The sustainability-linked financing offers Axiata a reduction in financing cost in return for its commitment to reduce its overall carbon footprint and to ensure compliance with the stringent environment, social and governance criteria set by FTSE Russell to maintain its inclusion in the FTSE4Good Bursa Malaysia Index, says Tan. The syndicated financing terms are in line with Axiata’s objectives and financially incentivises the entity to meet its sustainability targets.

As a prominent regional player, OCBC emerged as the first bank in Southeast Asia to stop financing new coal-fired power plants last year. The banking group has also committed to doubling its sustainable financing portfolio by 2025, says Tan.

Last year, OCBC backed more than 20 green and sustainability-linked loans, which included financing renewable energy projects in countries such as Australia, China, Malaysia and the UK. “This added more than S$5 billion in commitments to our sustainable finance portfolio in 2019. We closed out last year by topping two significant sustainable finance league tables — Bloomberg’s 2019 Mandated Lead Arranger (MLA) league table for green loans and renewable energy loans, as well as the 2019 MLA league table for green loans and sustainability-linked loans,” she says.
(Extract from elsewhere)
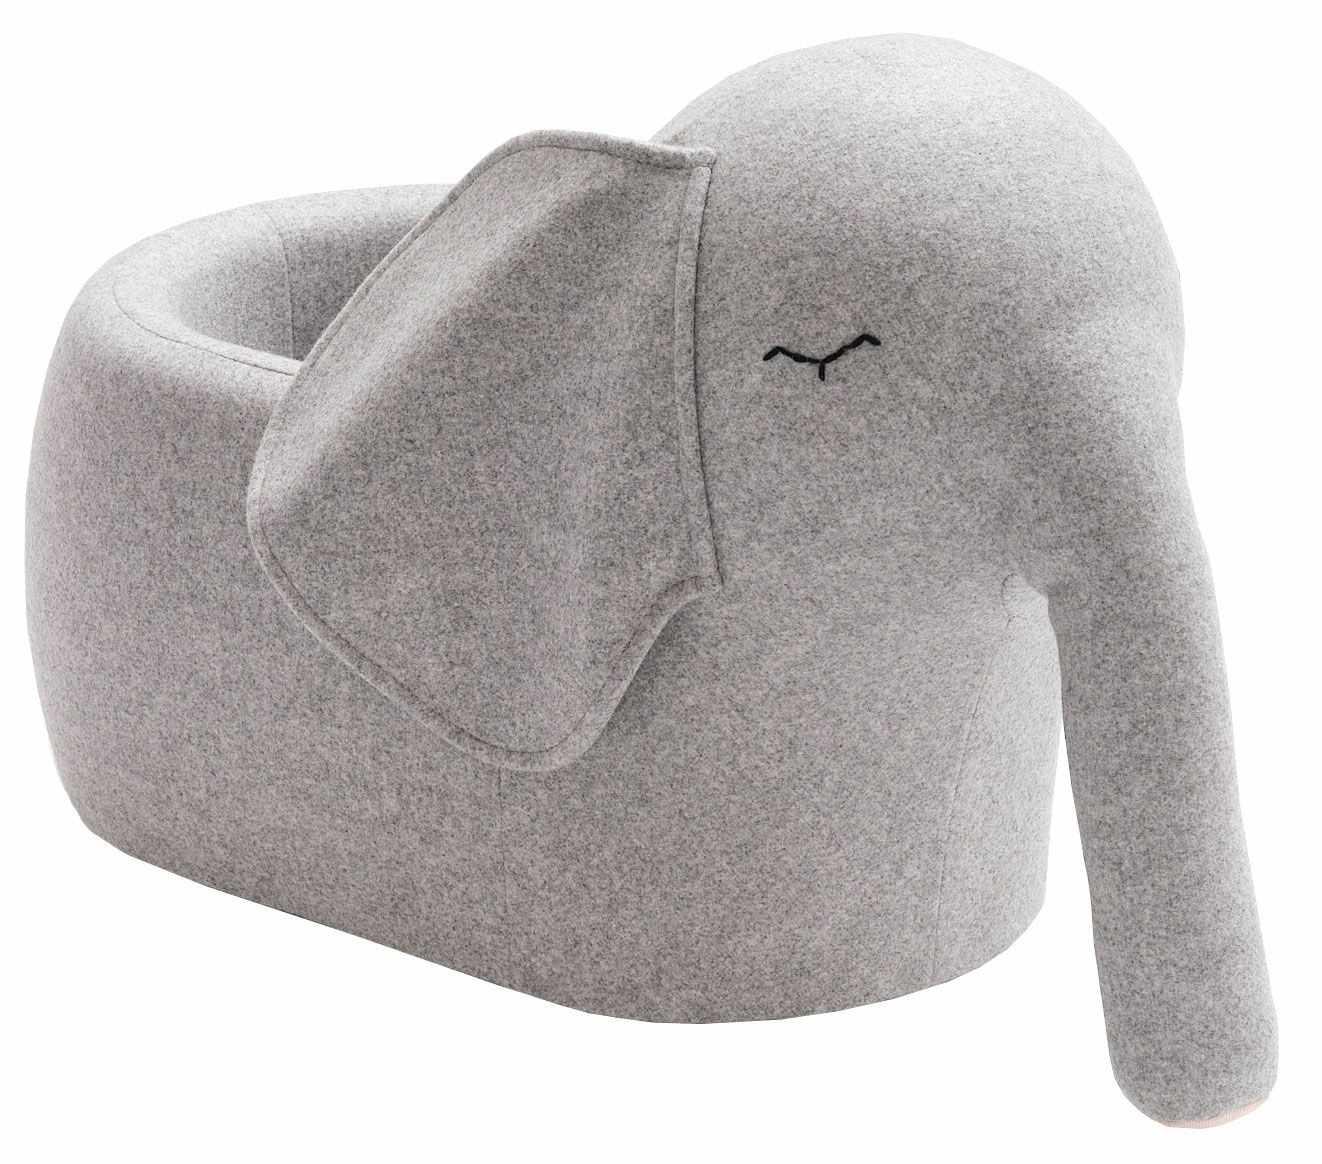 Rolling elephant "Bou" (for children over 12 months) by Bada&bou
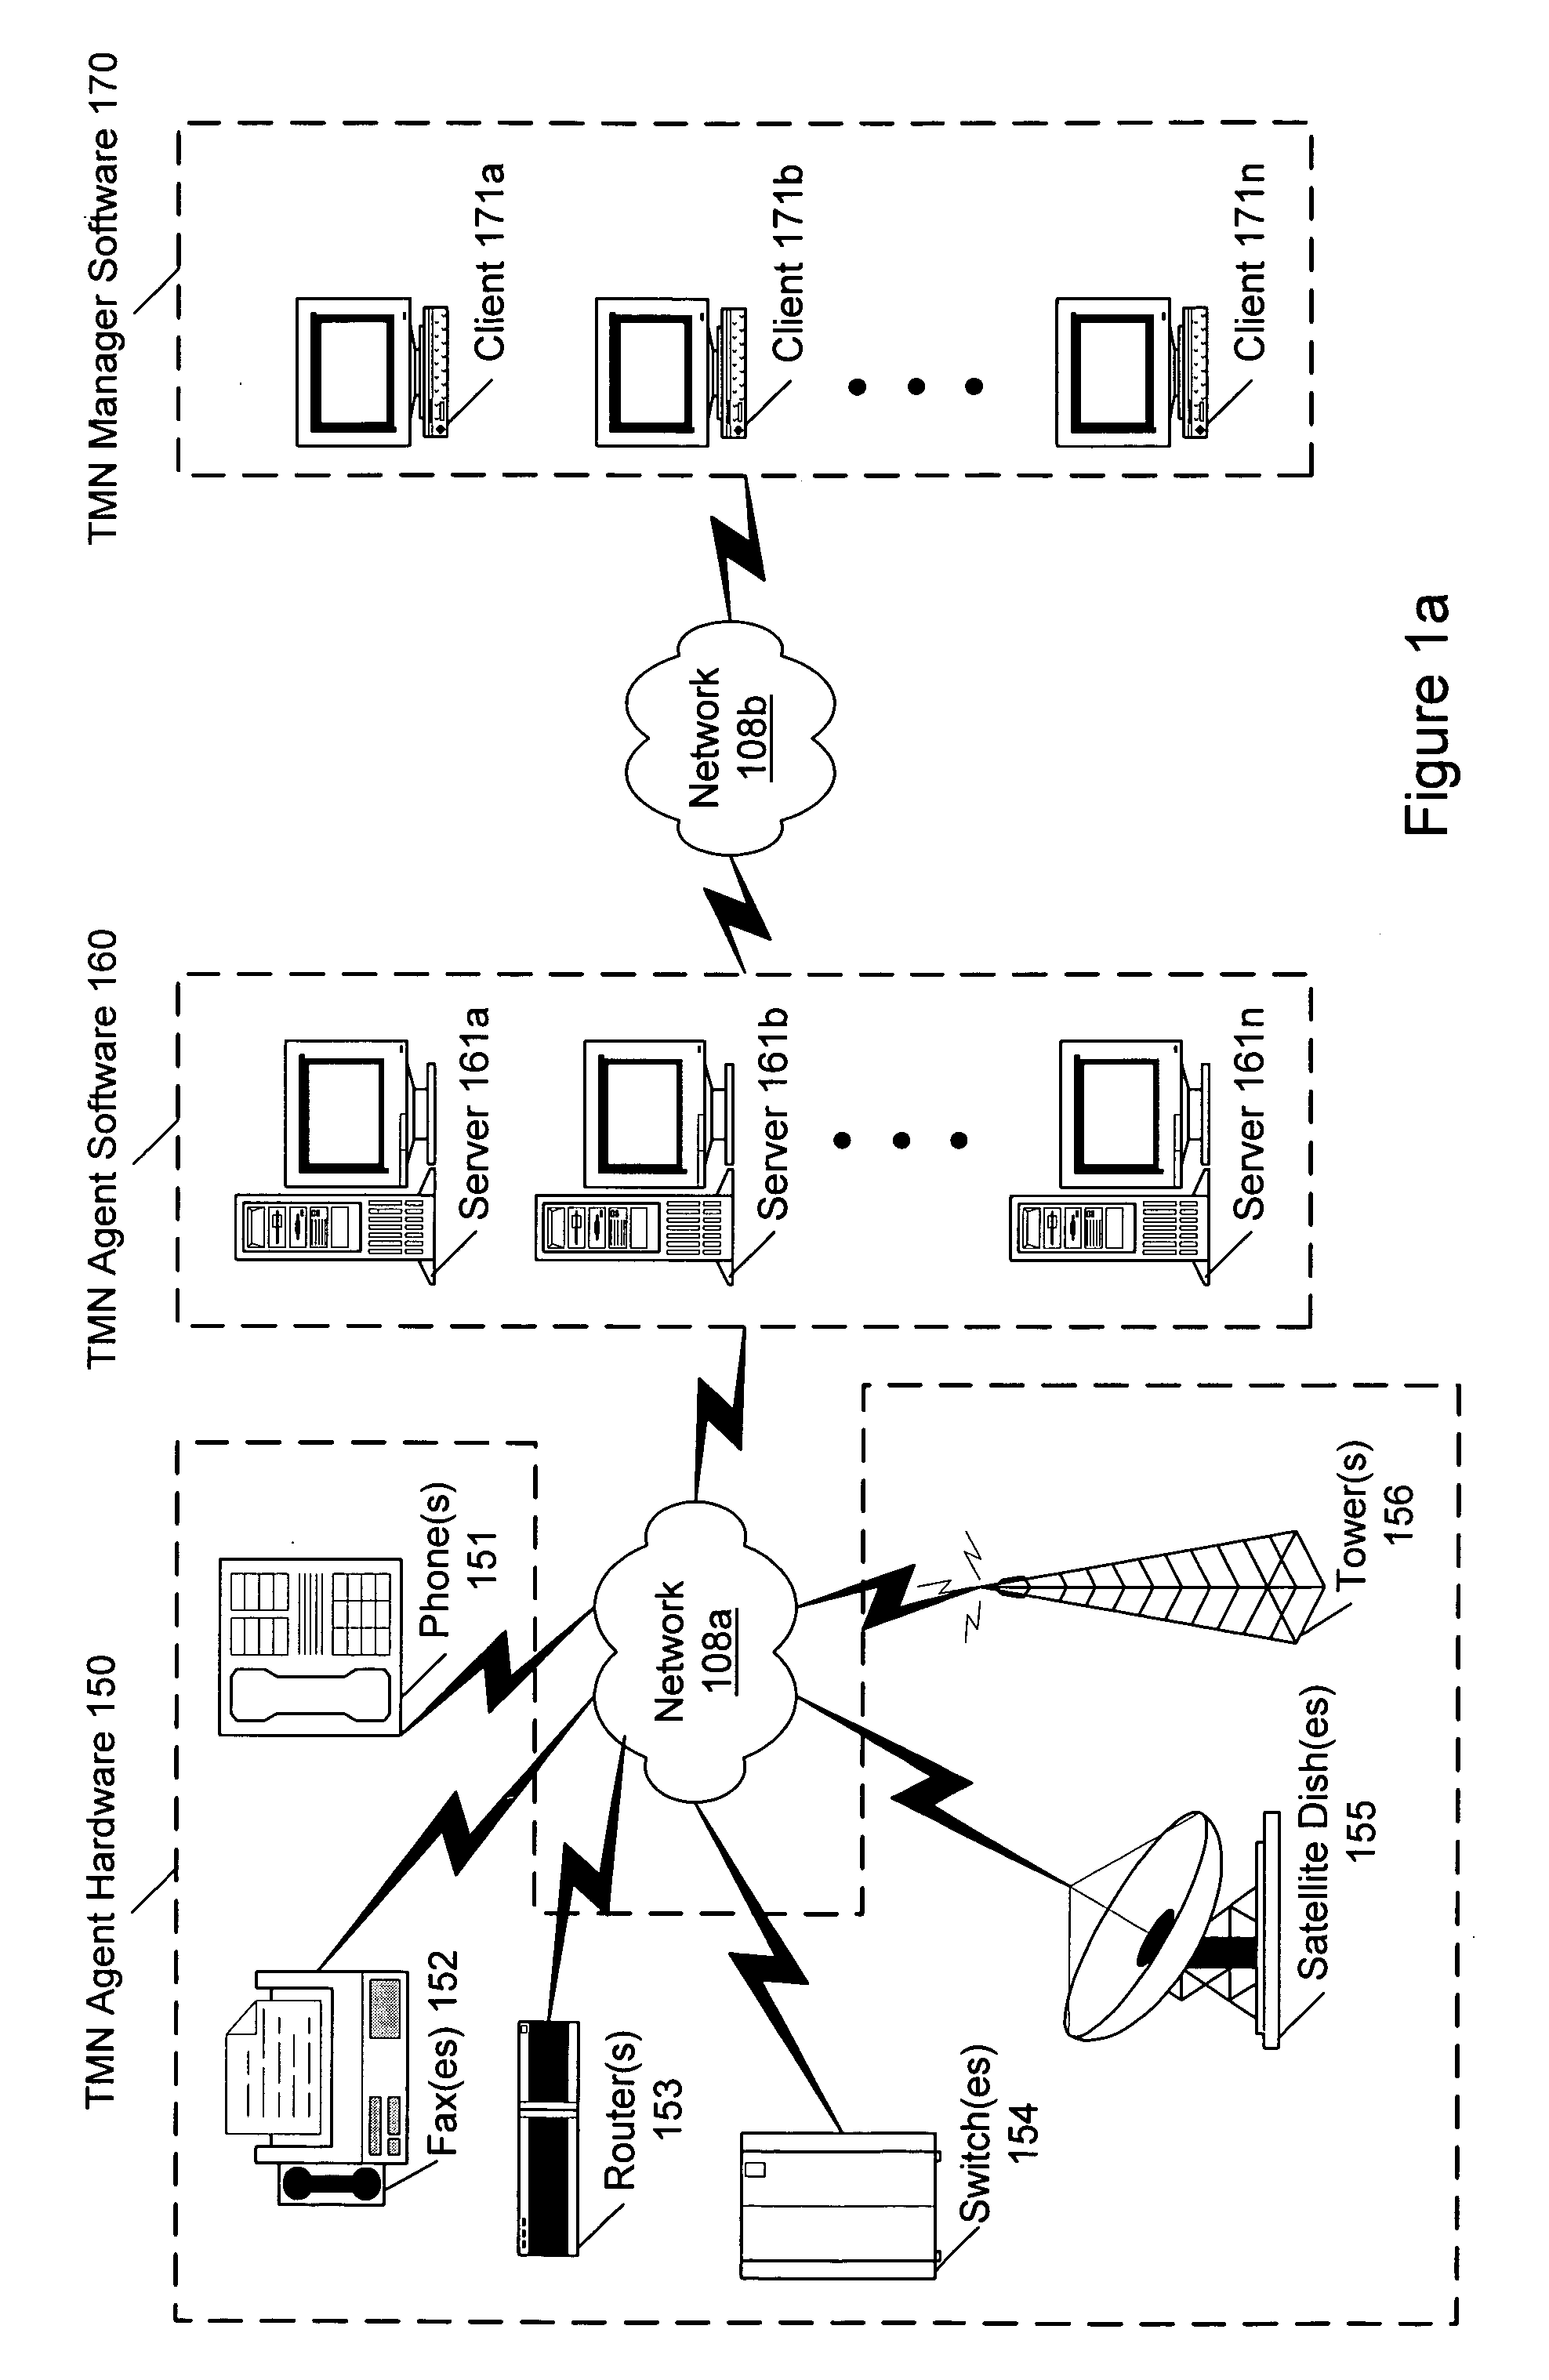 System and method for event subscriptions for CORBA gateway

“OCBC Malaysia has covered the entire spectrum of sustainable financing, from green to sustainable, with the latest being sustainability-linked financing. These initiatives demonstrate our continued commitment to ensuring that responsible and sustainable financing remains at the core of our business principles to facilitate a sustainable future for everyone.”

As the full impact of the Covid-19 pandemic has yet to be determined, OCBC believes that the global economy will see signs of recovery in the second half of the year, with positive global GDP growth in 2021, says Tan. “Barring any unexpected second or third wave of the pandemic, the recovery process — in our view — will be determined by two key factors: a recovery in the demand for goods and services and the ability of businesses to reinvent themselves.

“In respect of the demand factor, we foresee that it will be very unlikely for businesses to return to pre-Covid-19 levels, given the changes in consumption patterns. Hence, companies would need to make certain adjustments by reinventing their business models to suit the new normal.” 

Some of the key sectors that are expected to drive economic growth in the coming months are technology-related such as digital services, e-commerce, data centres, media and communication, as well as traditional businesses such as healthcare, green and sustainable financing solutions and strategic and public infrastructure, she says.